Parameters:lineinfo – By default Comment commands are added for line info. If scan settings include a “table_scan_row”, that PV will also be set.
Returns:List of commands.
save(filename)

Save table to file

Writes table as CSV file.

Parameters:filename – File path, must end in ”.csv” or ”.tab”
scan.table.table_scan.is_list(x)

Check if argument is a list of some form

scan.table.table_scan.loadTableScan(filename, pre=None, post=None, start=None, stop=None)
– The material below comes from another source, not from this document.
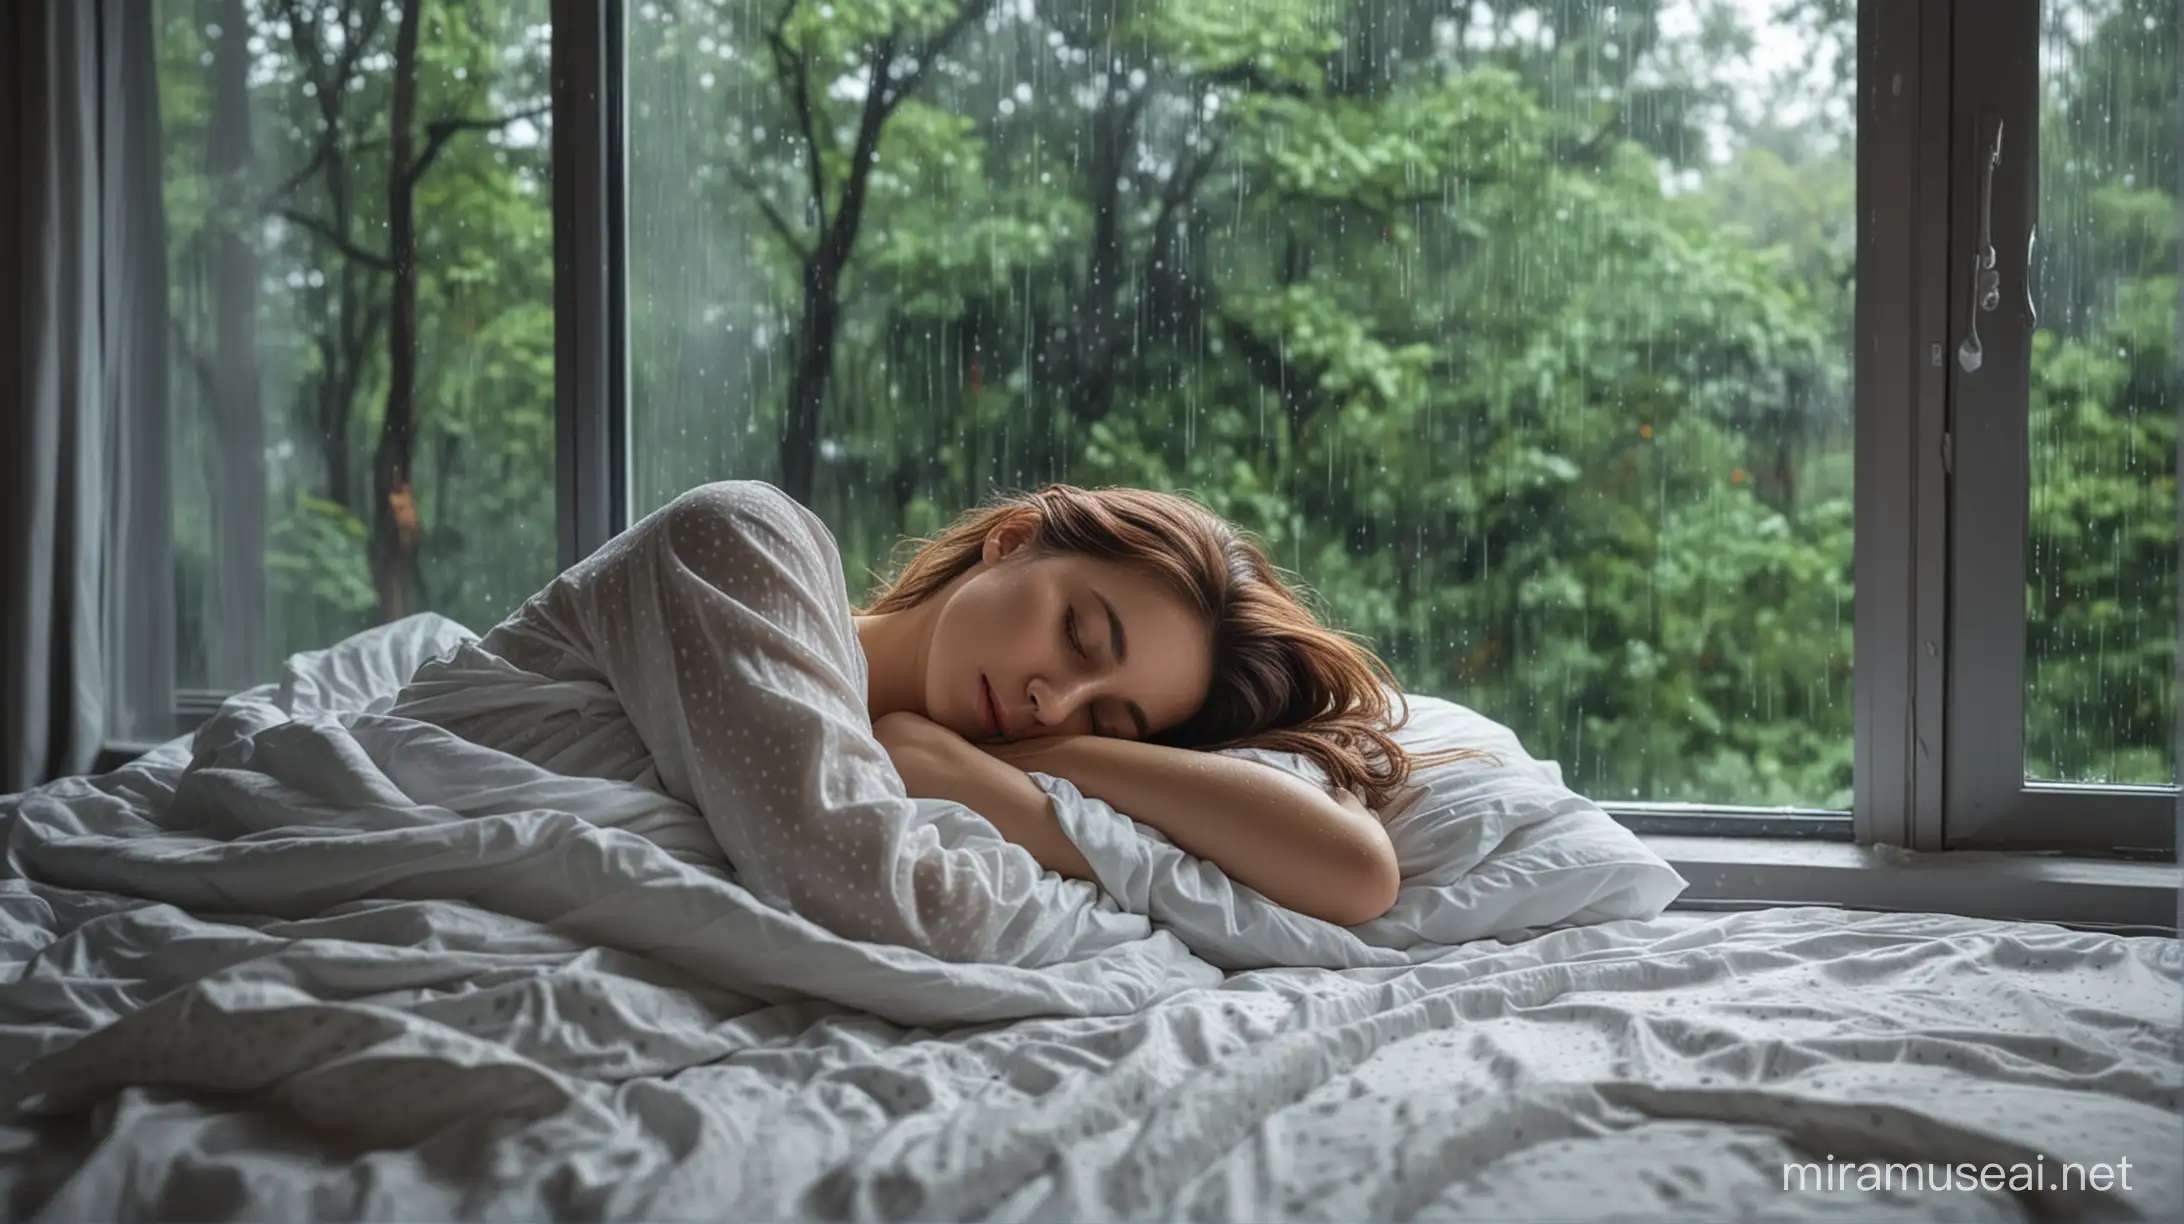 beautiful woman sleeping in the bedroom with the bedroom window showing a rainy atmosphere on the edge of the forest

Load table from spreadsheet file

Parameters:
  • filename – File name, either ‘.cvs’, ‘.tab’, ‘.xls’ or ‘.gnumeric’
  • pre – Command or list of commands executed at the start of the table.
  • post – Command or list of commands executed at the end of the table.
  • start – Command or list of commands executed to start each ‘Wait For’.
  • stop – Command or list of commands executed at the end of each ‘Wait For’.